Coding Chickens

In a short break from our usual programme (while I finish writing up the details of my fast), I feel the need to explore some of the horrors developers face; if only to make myself feel a bit better.

Sometimes being a developer is rewarding, sometimes you get the strong feeling that you should be able to do more to help. Sometimes you get the feeling that you just can’t get people to understand that you are trying to help. You’re not giving long time estimates out of a desire to be difficult, you’re not trying to make something “sound more difficult than it really is”. You’re just trying to help.

Nowhere do I bump into this more than when managers congregate to work on ‘systems’.

A system is a nebulous thing, or at least it is before someone like me gets involved – I’m a systems developer, so I think in terms  outcomes and inputs, and minimisation of interaction. My job (which I am ok at, or so I’d prefer to think) is to take the fluff of a user requirement and turn it into a practical improvement. This unfortunately means that I bump into a lot of people who also believe that they can create systems.

I have the opportunity to watch this process of creation from a short range, and in one of the businesses I’ve dealt with for a very long time the effect is similar to watching a small clutch of argumentative chickens trying to work out a mirror. This mental image is far more amusing in the mind than it is in the flesh – as someone who really wants to improve an overall work environment, phrases like “Oh, I think we should have another form filled in and scanned before we let users do that” make my blood boil. At the end, there’s a lot of noise, some feathers in the air and nothing remotely looking like a system in place.

There are people in these meetings who squawk because all the other chickens are making noise, there are people who add redundant checks and measures and steps because they realise their own make-work may be reduced, and there are people who really shouldn’t be allowed to add their tortuous mental loops into the process.

You know you’re in the presence of the latter when the subject of outcomes comes up on the agenda. These people want to track and report on everything it seems. Mistaking visibility for control, they want to see “every stationary order under £15 for the year 2001” (a genuine phrase heard in a chicken-fest). What then unfolds is a system where a huge amount of ROD – my own coining for wRite Only Data – is captured. Every user, at every point in the process is suddenly burdened with entering data they may barely understand (or indeed know) into the system – resulting in a massively bloated interface that nobody wants to use. Quite simply, the clichéd ROD for your back.

Don’t get me wrong, I have some good clients relationships; many lasting over years where such happenings don’t take place, where the chickens are carefully cooped before a requirement meeting even takes place. One has even got themselves to the point where they are able to judge how long it’s going to take me to deliver their requirement – and how I love them and cherish them as a client, and how much more willing to stretch things we are when things go to the edge of the specification.
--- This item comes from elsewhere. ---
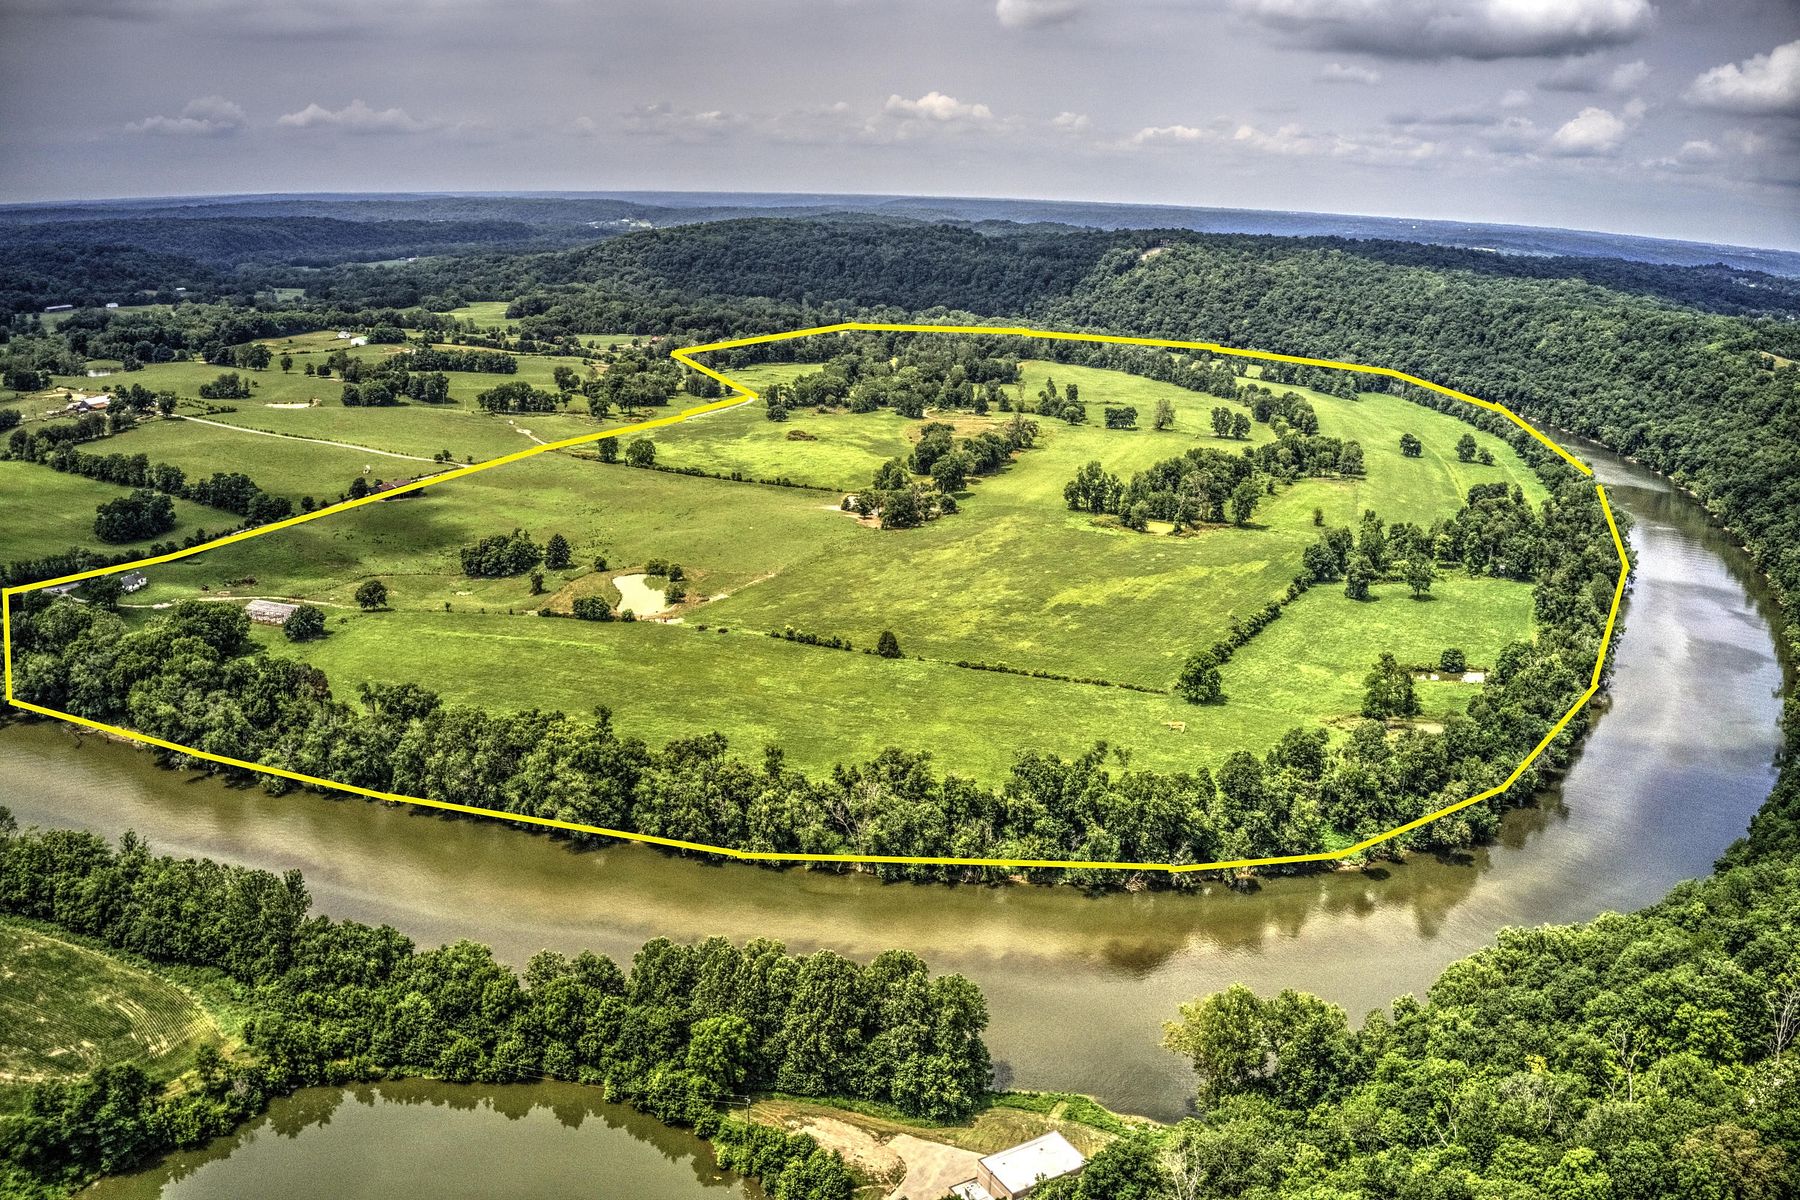 209 Acres of Recreational Land & Farm Frankfort, Kentucky, KY

A waterfall is an elegant system for getting water downhill.

These people capture only the data they need, only generate the documents they need and only capture the data they need – and they can take advice about how best to organise these into an overall business solution. People who are of genuine value to their business are never worried about “systems” taking over their part in the organisation, they instead relish the chance to get away from the make-work and get on with their job – making the business better, and not carefully crossing off items on a printed report with a biro and a rule. This latter of course would be a firing offence in my own business!